It’s back. But should it be?
‘Terminator Genisys,” the fifth movie in the venerable smash-and-boom to save the world series, seeks to reposition the franchise for a new future by transporting Sarah Connor and her son John, Kyle Reese and, of course, various Terminators into an alternate timeline.
It’s not a stretch to say the series needed a reboot, or at least a boot in the rear. The last entry, 2009’s “Terminator Salvation,” was savaged by fans and critics alike.
Director James Cameron, who oversaw the first film but wasn’t involved in this take, has said fans of the original will “love this movie.”
“I feel like the franchise has been reinvigorated, like this is a renaissance,” Cameron said in a YouTube video posted by the film’s promotional team.
But, as they are wont to do, many critics begged to disagree.
In the New York Times, reviewer Manohla Dargis writes that despite the ravages of time, Arnold Schwarzenegger’s Terminator — known here as “Pops” — is indeed back for a film that pays extensive homage to Cameron’s original.

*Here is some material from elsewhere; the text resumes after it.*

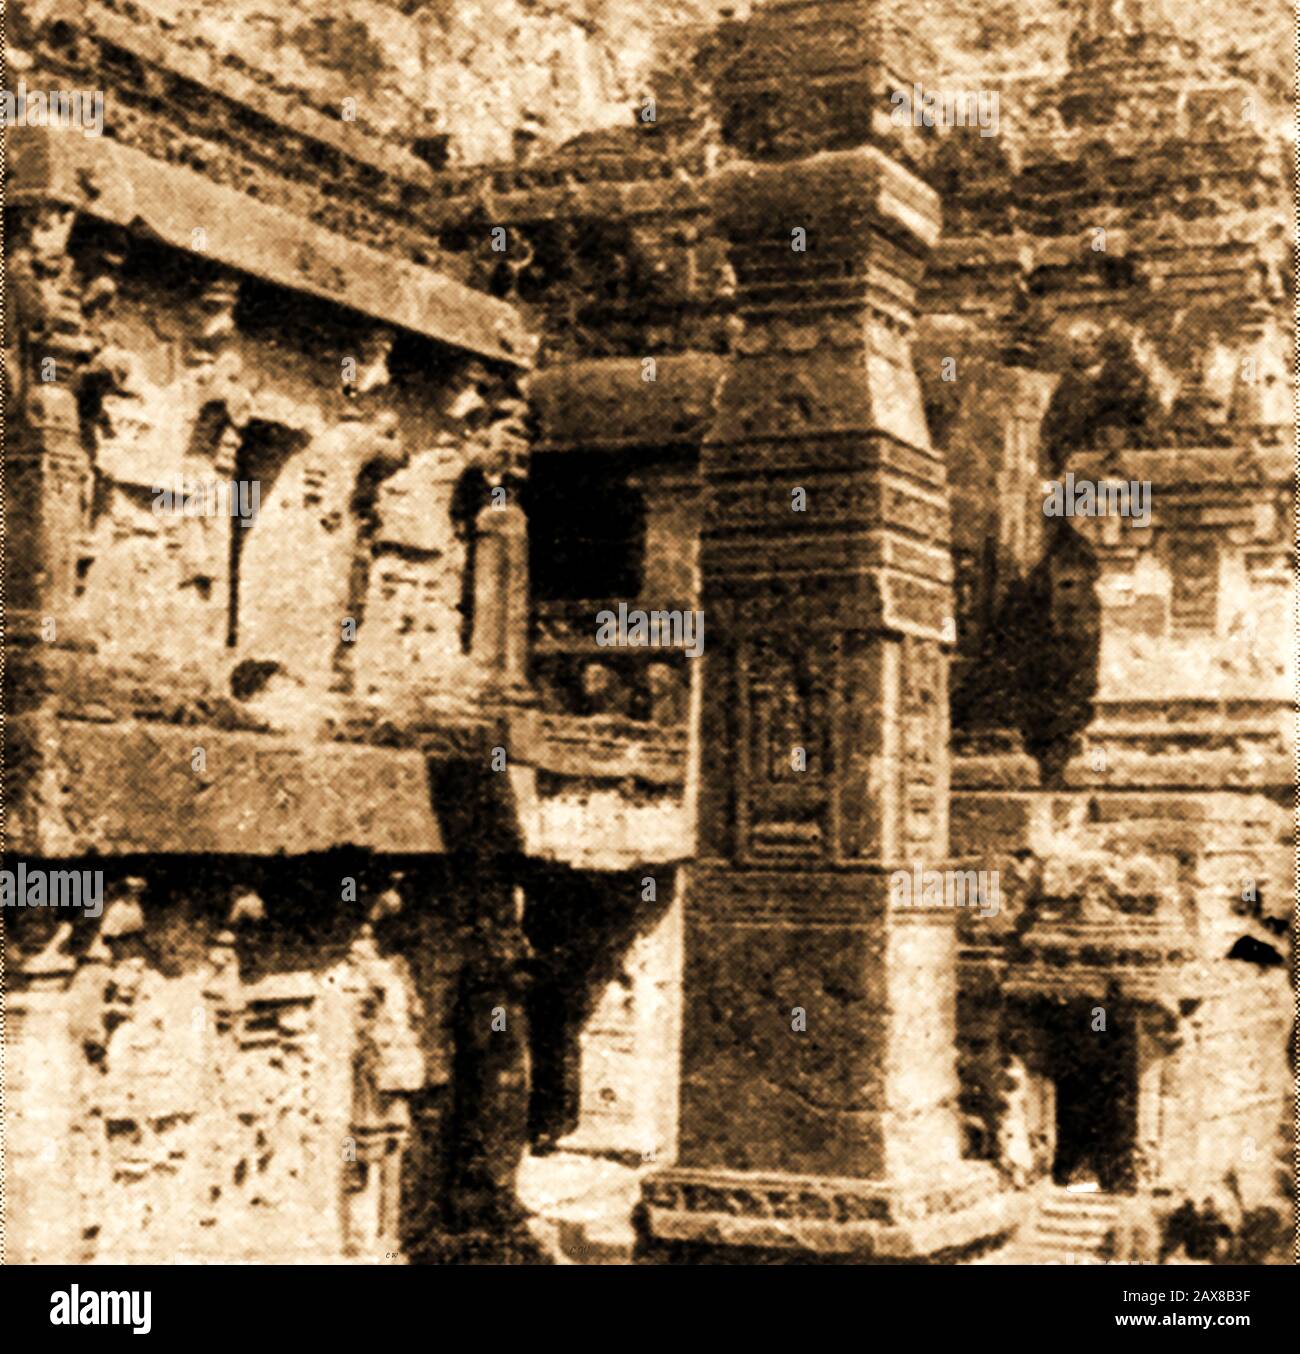 Tempio della grotta di Dravidian a Ellora, India meridionale nel 1920 - il tempio di Kailasha , Kailāśa, Kailashanatha, o Kailāśanātha, è il più grande dei templi indù scavati nella roccia alle Grotte di Ellora, Maharashtra, India. Foto Stock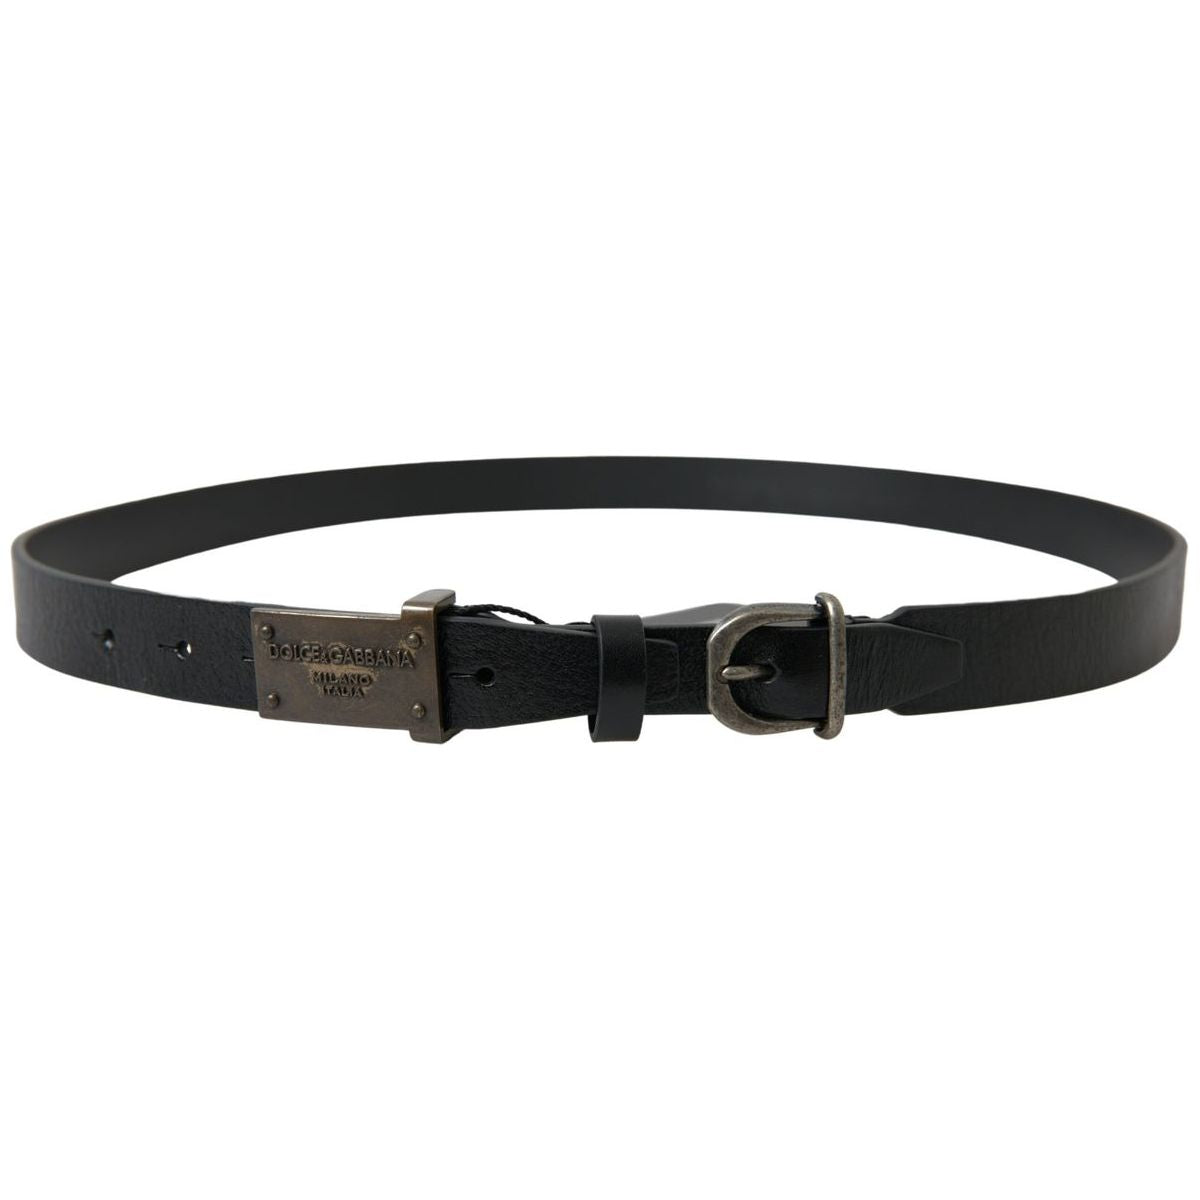 Dolce & Gabbana Elegant Black Leather Belt - Metal Buckle Closure black-leather-antique-logo-buckle-belt

“That’s an obvious mistake,” Dargis writes, “simply because you end up toggling between memories of Mr. Cameron’s kinetic original while watching this latest reboot lurch from one narratively clotted turn to another.”
Here’s how Todd McCarthy puts it for the Hollywood Reporter: “This terminator is past its expiration date.”
The film manages to explode its history well enough to move forward, Taylor writes, “but what actually goes on in the scenes set 14 years hence feels rote and unimaginative.”
“Action scenes are accumulated as if mandated by a stop-watch and almost invariably seem like warmed-over versions of stuff we’ve seen before in Terminator entries and elsewhere,” he writes. “The first three films in the series were R-rated and viscerally benefited from it; this one is rated PG-13 and its action scenes feel like diluted rehashes, obligatory and devoid of visual creativity in the same way the violence feel staged and photographed.”
Richard Lawson, reviewing the film for Vanity Fair, was less harsh in a review headlined, “Terminator Genisys Makes a Surprisingly Compelling Case for Itself.”
“The wheel hasn’t been re-invented, but it’s been nimbly re-purposed, jerry-rigged into something adequately suited to our modern age,” Lawson wrote. “While Genisys doesn’t have the iconic heft of James Cameron’s films, it’s not surprising, to me anyway, that the film has earned the maestro’s mild praise. Genisys isn’t a future classic, but it’ll do for now.”
Rolling Stone reviewer Peter Travers offered a fair bit of praise as well, saying the movie “fires on all action cylinders when director Alan Taylor (Thor: The Dark World) follows the model James Cameron set in the first two films, still the glory of the series.”
Then there’s this from Variety’s Justin Chang: “Genisys” is, he writes, a “nervy, silly, almost admirably misguided attempt to give the 31-year-old franchise a massive cybernetic facelift.”
“It is, on the face of it, a ludicrous and faintly depressing spectacle, like watching a ‘Terminator’ highlights reel stiffly enacted by Hollywood’s latest bright young things,” Chang writes.
“The ‘Terminator’ franchise, by now, has become its own worst Skynet — a monument to self-regeneration that endlessly repackages the same old thrills in ever sleeker, sexier models, and that gladly screws with its own past to ensure its future survival,” Chang said. “You can’t quite call it obsolete, perhaps, but damned if it doesn’t feel awfully futile.”
St. Louis Post-Dispatch reviewer Joe Williams says it’s like “a greatest-hits compilation for obsessive collectors.”
“On its own terms, ‘Terminator Genisys’ makes virtually no sense,” Williams writes. “It tries to cover its plot holes by circling back to worlds-within-worlds, but director Alan Taylor (‘Thor: The Dark World’) doesn’t have the chops to make ‘Inception.’ Instead he throws kitchen sinks into ever-bigger kitchen sinks.”
In The Guardian, reviewer Henry Barnes says it’s all enough to make you want to shed a tear.
“Salvation was boring, but Genisys makes you sad,” Barnes writes “Risk-averse Hollywood has made a crash-test dummy of a once great franchise, simply throwing everything at it to see what it stands. It’s heartbreaking to watch Arnie execute the same old programmes: the terrible robo-smile; the slang; the wear and tear of his living tissue revealing the cyborg underneath.
” ‘Old, but not obsolete,’ the Terminator/Guardian tells us when his age is brought into question,” Barnes writes. “In truth, it feels like both.”